Whatever chances the project had were set on hold in the rising chaos in the aftermath of November 2001's Operation Enduring Freedom, which quickly drove the Taliban from power, invalidating the arrangements.
Despite Karzai's persistent support for the project, security of TAPI's route through Afghanistan remains a major impediment to the project's realization, though in 2008 the Afghan government made several pledges to relieve those concerns.
As the Obama administration is continuing its predecessor's policy of containment and isolation of both Russia and Iran, TAPI is currently the most significant undeveloped southern output project for Central Asian natural gas and oil.
A problem with TAPI that has yet to be addressed is whether Turkmenistan will be able to provide the required throughout, should the natural gas pipeline be built.
At present Turkmenistan exports pipeline gas to China, Russia and Iran. In 2006 Turkmenistan produced 62.2 bcm of natural gas, second only to Russia. With 2005 domestic consumption estimated at 17.07 bcm, approximately 45 bcm, or more than two-thirds of Turkmen production, was available for export.

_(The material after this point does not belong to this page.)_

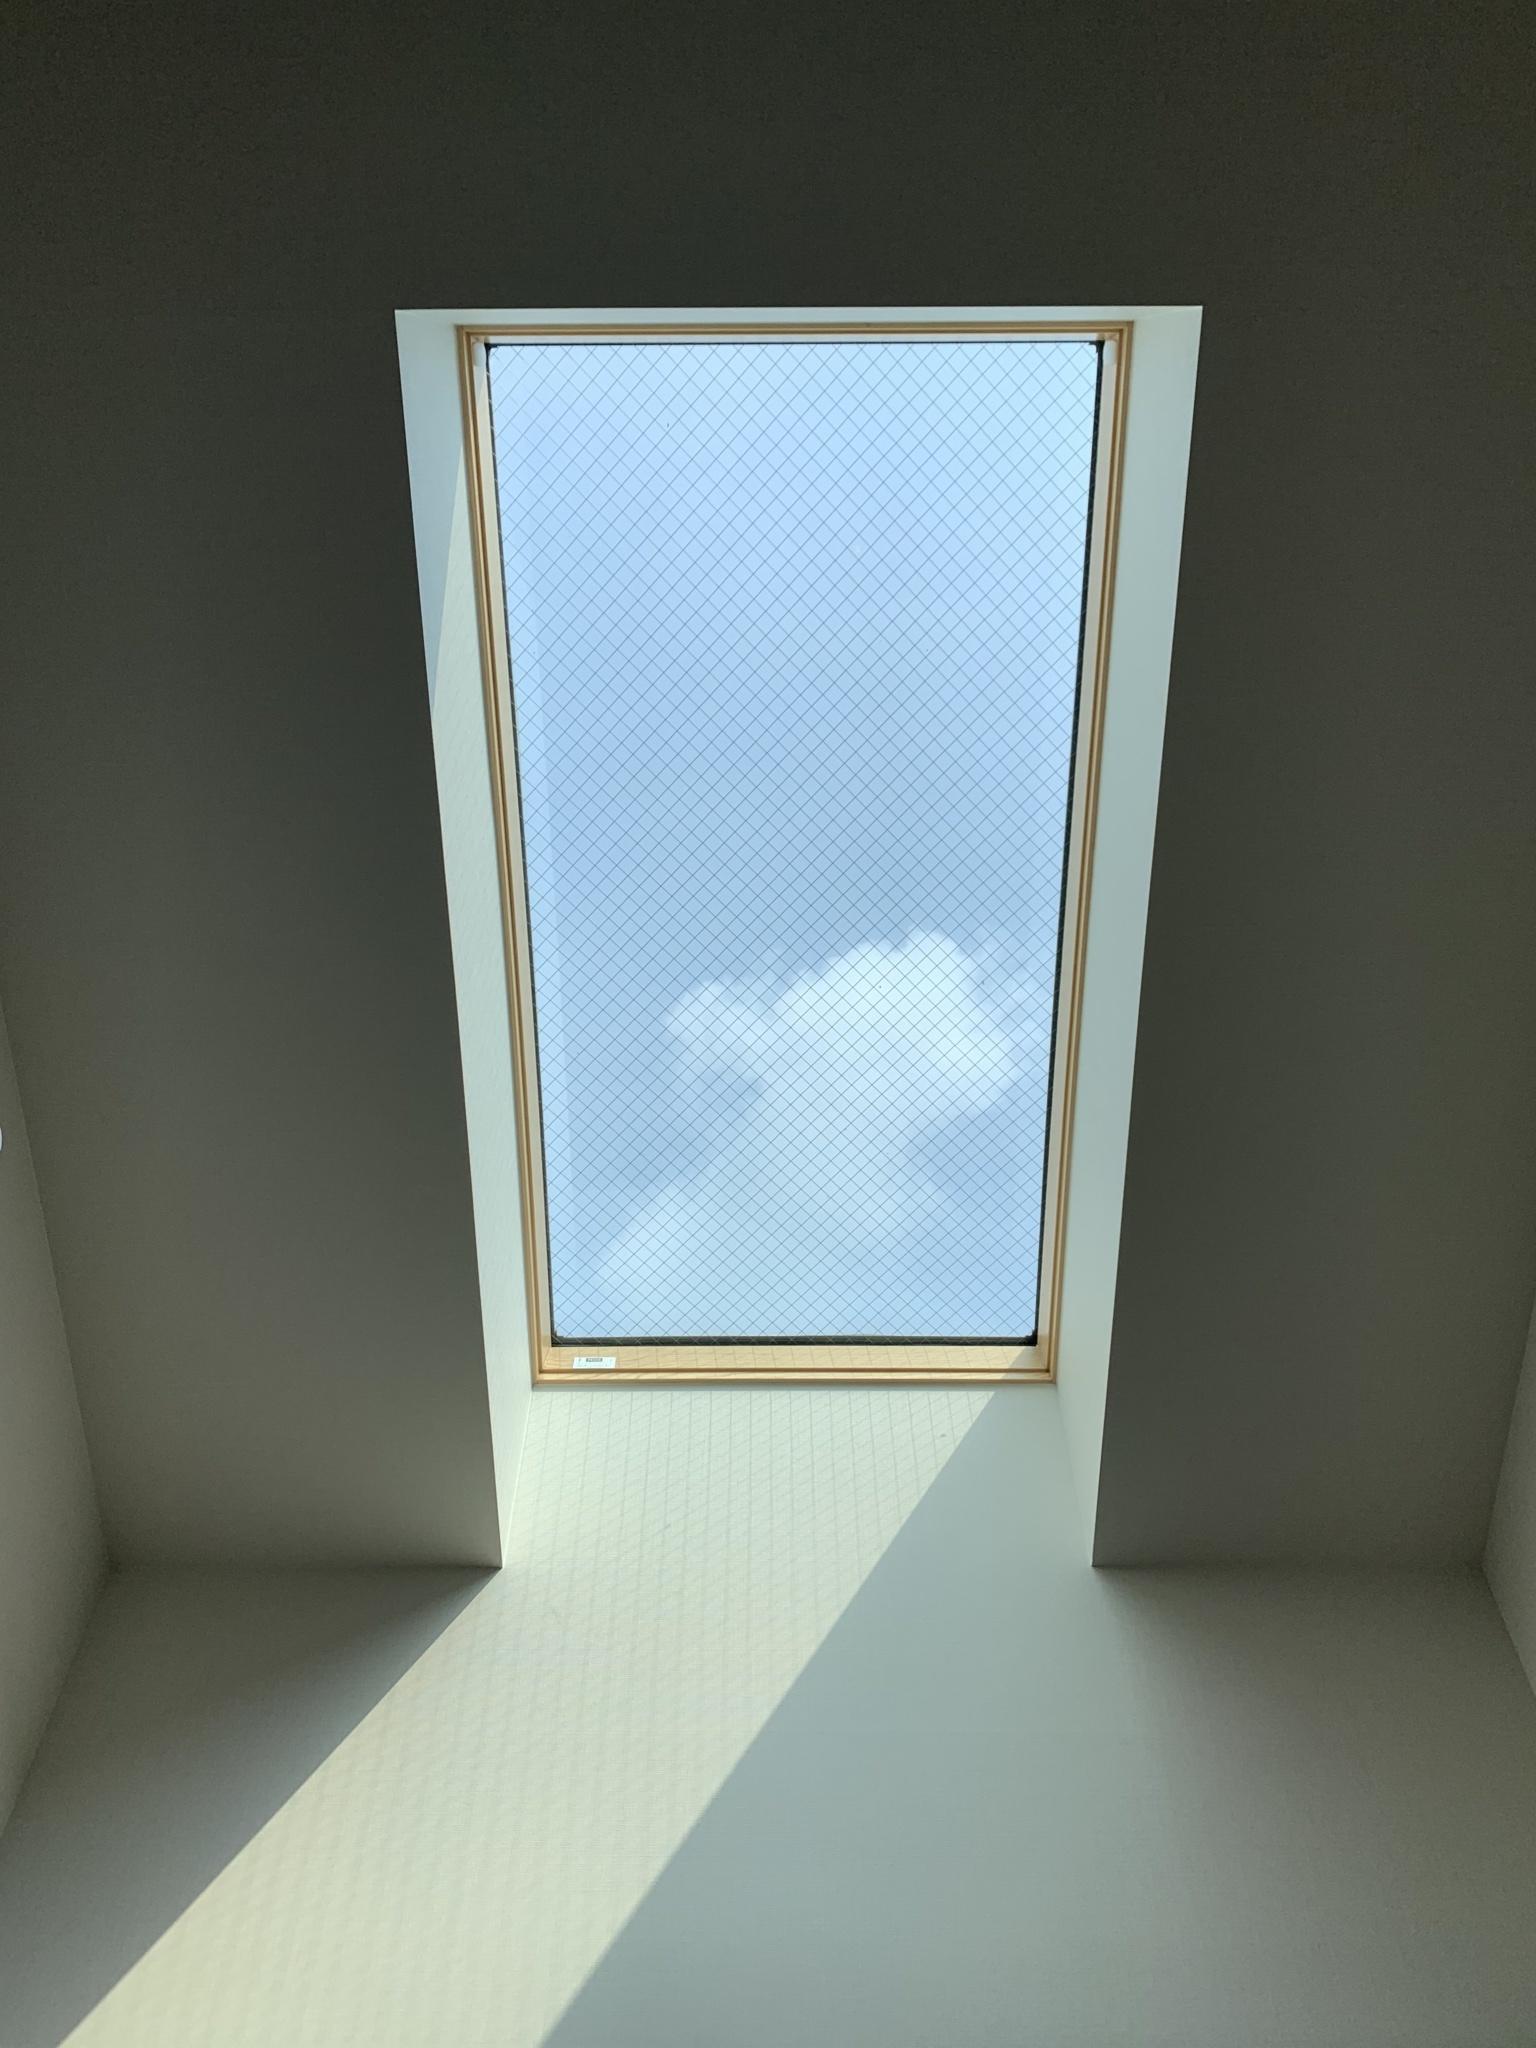 天窓の効果について書きます。天窓は普通の窓の3倍明るいのですが注意も必要です。

The three above-mentioned countries now account for virtually all of Turkmenistan's exports for the foreseeable future. Most notably, recently a Turkmen-China natural gas pipeline agreed in 2006 capable of handling up 30 bcm annually came online, providing an export route for Turkmen natural gas exports for the near future.
How TAPI, which at present would be constructed through a war zone, could compete with Turkmenistan's pre-existing markets in China, Russia and Iran remains to be seen.